Now that you are gone, I feel the loss profoundly. I can no longer see or hear you. The limitation of my omnipotence afflicts me. I do not know whether you are safe or in danger, free or captured. And so, to distract myself, I comfort myself with the imaginary.
I see barricades. Night patrols. I see the city in frozen suspension, where folk hide behind the doors of lamplit houses, too tired and hungry from years of war to know or care that a putsch is underway in the palace tonight. I imagine braziers burning by checkpoints, stray dogs fighting with homeless drifters for bones or scraps of food tossed from windows and buried by the freshly fallen snow. Soldiers, their hands and hearts brutalised by conflict and the cold, stand by their posts awaiting news of the Svyat’s death and the destruction of a Blood their own families once fought and died for. This is what passes for progress. It is the way of things when the few live well whilst the many starve. The self-defeating disparities, the intoxicating addiction of bitterness, historical resentment. The madness of crowds. This is not the first time our world has cracked, but perhaps it will be the last.
I imagine your figure skirting the perimeter of the night, negotiating lamp less side streets, keeping your body close to the walls of houses located on the outskirts of the city. To all extents you look like a suitably dressed scullery maid on her way to work the tables and kitchens at one of the few taverns still eking out a living in the capital, but you do not turn west towards the centre. Always only east, towards one of the city gates and out into the night. How you get past the soldiers, the checkpoints, the bloodhounds and swords I do not know, but I believe in your cunning, in your will to survive. It comes as naturally to you as breathing.
I speculate further. There, where the city limits are swallowed by the arctic tundra, you stand on the Great Eastern Turnpike which snakes towards the Sealing Sea and hugs the coast for the next three hundred miles, until eventually it divides, one road leading onwards, the other heading south, penetrating the desolate interior of northern Volchok.
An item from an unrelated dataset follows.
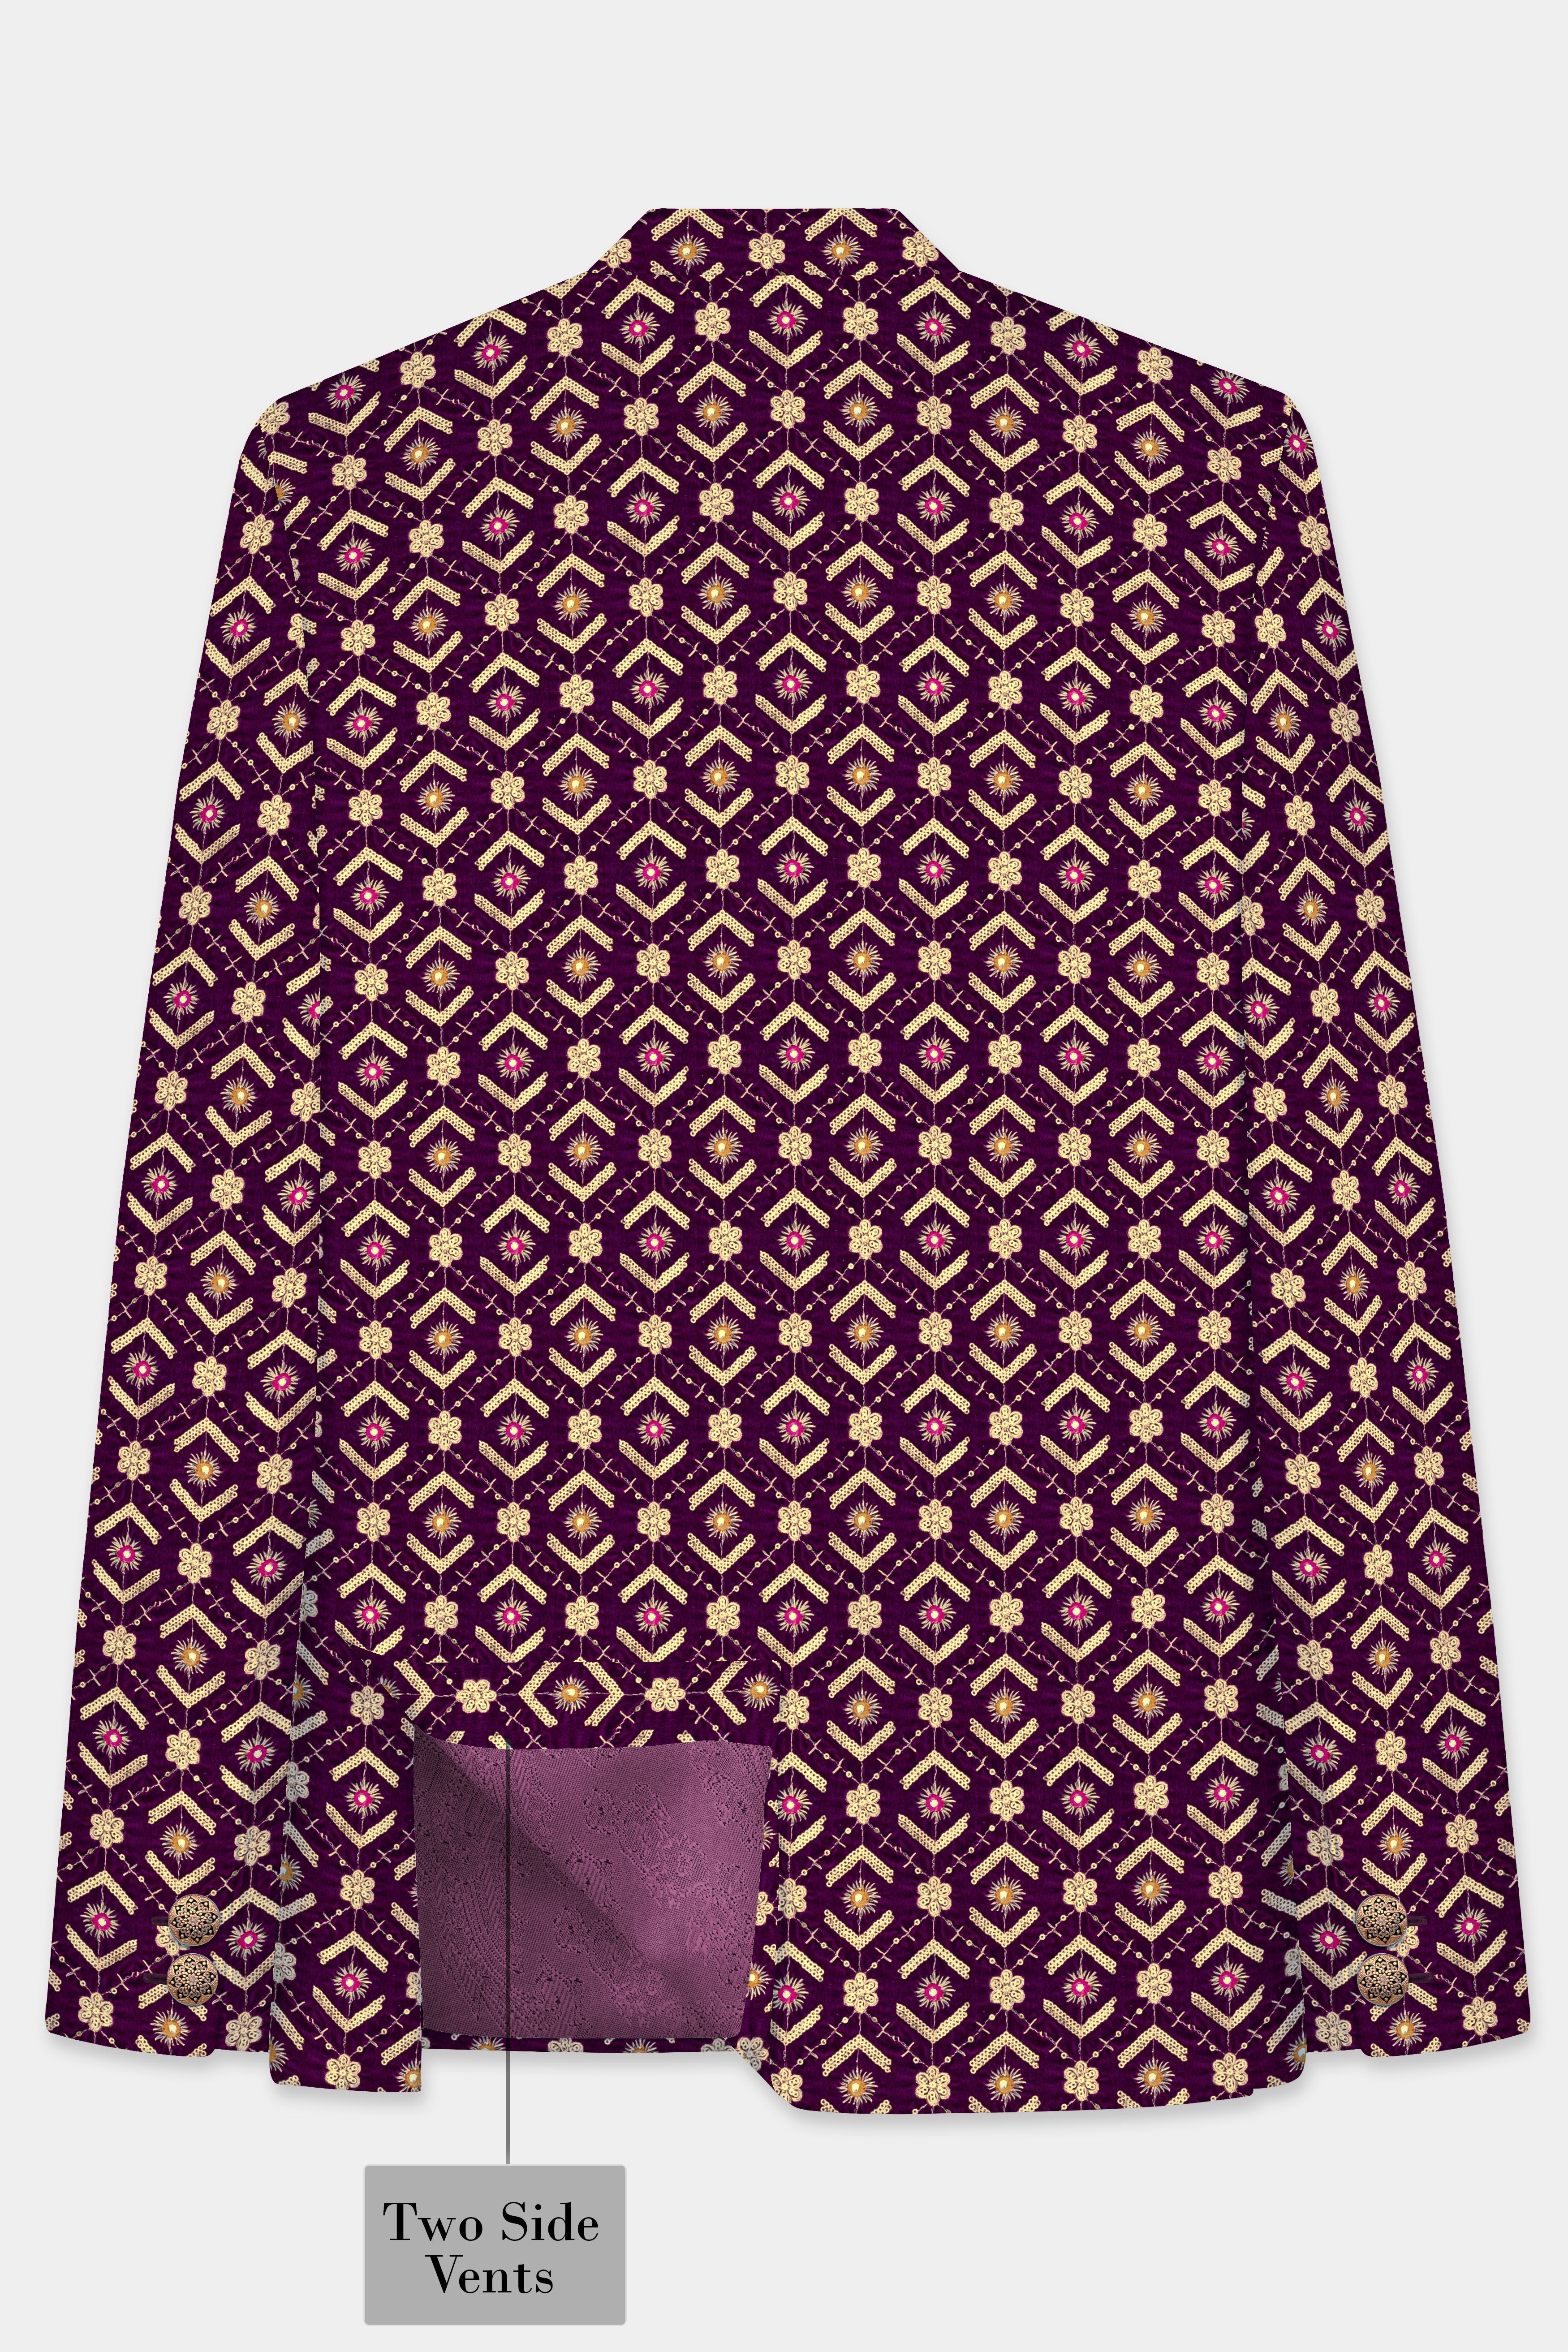 Blackberry Purple Velvet Thread And Sequin Embroidered Bandhgala Jodhpuri

I imagine you as a stowaway, hidden in a battered grain cart and shivering under a frost-layered tarpaulin, as the driver whips his anaemic horse onwards. I see you walking amongst refugees whose numbers swell with each passing day, driven to distraction by famine and sickness. You do not look at or converse with anyone, too afraid that you will be recognised, not as the adopted daughter of the Svyat but, with your red eyes and bleached, pigmentless skin, as a necromancer.
If I allow my imagination to flower, I see you leaving the Great Eastern Turnpike behind you, heading south through fields and thick forests knee deep in snow. The going is hard and treacherous, for the days of Volchok’s winter are as dark as its nights. You feed on whatever you can until, two weeks later, you reach the Monastery of the Blooded Three near the remote village of Ipatiev, an area still loyal to the Svyat and his imperial rule. There, for the time being, you will be safe.
That is your objective, Laika. And may the divine Neruna guide you to it.